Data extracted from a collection
=======
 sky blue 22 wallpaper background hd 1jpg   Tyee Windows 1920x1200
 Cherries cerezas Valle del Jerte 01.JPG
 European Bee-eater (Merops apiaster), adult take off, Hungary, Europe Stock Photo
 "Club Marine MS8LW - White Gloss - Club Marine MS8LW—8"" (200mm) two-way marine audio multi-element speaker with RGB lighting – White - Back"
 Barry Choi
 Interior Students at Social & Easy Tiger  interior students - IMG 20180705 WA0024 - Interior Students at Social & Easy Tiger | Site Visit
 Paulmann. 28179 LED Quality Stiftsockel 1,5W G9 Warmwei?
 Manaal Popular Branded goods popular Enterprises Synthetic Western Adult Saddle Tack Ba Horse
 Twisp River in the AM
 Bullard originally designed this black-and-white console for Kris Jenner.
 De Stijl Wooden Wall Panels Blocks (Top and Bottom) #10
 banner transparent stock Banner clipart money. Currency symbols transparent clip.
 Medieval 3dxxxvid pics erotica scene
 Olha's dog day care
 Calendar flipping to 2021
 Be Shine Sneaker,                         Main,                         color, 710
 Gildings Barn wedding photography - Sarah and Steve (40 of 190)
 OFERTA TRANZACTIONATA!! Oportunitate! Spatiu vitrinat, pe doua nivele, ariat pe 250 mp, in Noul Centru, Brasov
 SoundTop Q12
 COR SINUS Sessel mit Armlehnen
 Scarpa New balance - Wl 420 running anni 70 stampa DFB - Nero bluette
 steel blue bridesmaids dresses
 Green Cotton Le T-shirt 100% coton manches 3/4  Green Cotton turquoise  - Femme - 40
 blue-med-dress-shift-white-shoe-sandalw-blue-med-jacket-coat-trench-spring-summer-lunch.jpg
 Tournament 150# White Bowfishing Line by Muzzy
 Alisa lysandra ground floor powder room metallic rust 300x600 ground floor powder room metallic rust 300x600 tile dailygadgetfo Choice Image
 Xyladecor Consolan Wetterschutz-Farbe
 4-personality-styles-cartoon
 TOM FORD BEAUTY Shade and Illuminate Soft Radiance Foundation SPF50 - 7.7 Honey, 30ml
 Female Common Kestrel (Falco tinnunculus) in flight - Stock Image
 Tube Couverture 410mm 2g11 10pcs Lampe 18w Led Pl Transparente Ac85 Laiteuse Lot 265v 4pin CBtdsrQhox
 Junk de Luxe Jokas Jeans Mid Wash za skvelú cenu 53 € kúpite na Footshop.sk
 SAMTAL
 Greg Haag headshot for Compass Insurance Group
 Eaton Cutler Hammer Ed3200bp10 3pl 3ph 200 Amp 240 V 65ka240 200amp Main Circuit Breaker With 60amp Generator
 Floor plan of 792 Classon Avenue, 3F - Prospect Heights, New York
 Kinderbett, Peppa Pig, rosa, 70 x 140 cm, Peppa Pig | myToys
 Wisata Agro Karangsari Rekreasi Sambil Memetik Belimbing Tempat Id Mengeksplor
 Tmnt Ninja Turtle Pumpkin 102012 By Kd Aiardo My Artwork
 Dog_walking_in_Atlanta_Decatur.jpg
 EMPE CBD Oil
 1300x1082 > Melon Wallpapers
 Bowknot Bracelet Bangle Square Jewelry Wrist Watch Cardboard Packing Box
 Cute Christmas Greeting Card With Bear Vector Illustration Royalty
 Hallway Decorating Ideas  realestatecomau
=======
Task details. Both end lines included, restate word for word the lines above from the line with "Alisa lysandra ground" to the line with "Greg Haag headshot", and nothing else.

Problem solution.
 Alisa lysandra ground floor powder room metallic rust 300x600 ground floor powder room metallic rust 300x600 tile dailygadgetfo Choice Image
 Xyladecor Consolan Wetterschutz-Farbe
 4-personality-styles-cartoon
 TOM FORD BEAUTY Shade and Illuminate Soft Radiance Foundation SPF50 - 7.7 Honey, 30ml
 Female Common Kestrel (Falco tinnunculus) in flight - Stock Image
 Tube Couverture 410mm 2g11 10pcs Lampe 18w Led Pl Transparente Ac85 Laiteuse Lot 265v 4pin CBtdsrQhox
 Junk de Luxe Jokas Jeans Mid Wash za skvelú cenu 53 € kúpite na Footshop.sk
 SAMTAL
 Greg Haag headshot for Compass Insurance Group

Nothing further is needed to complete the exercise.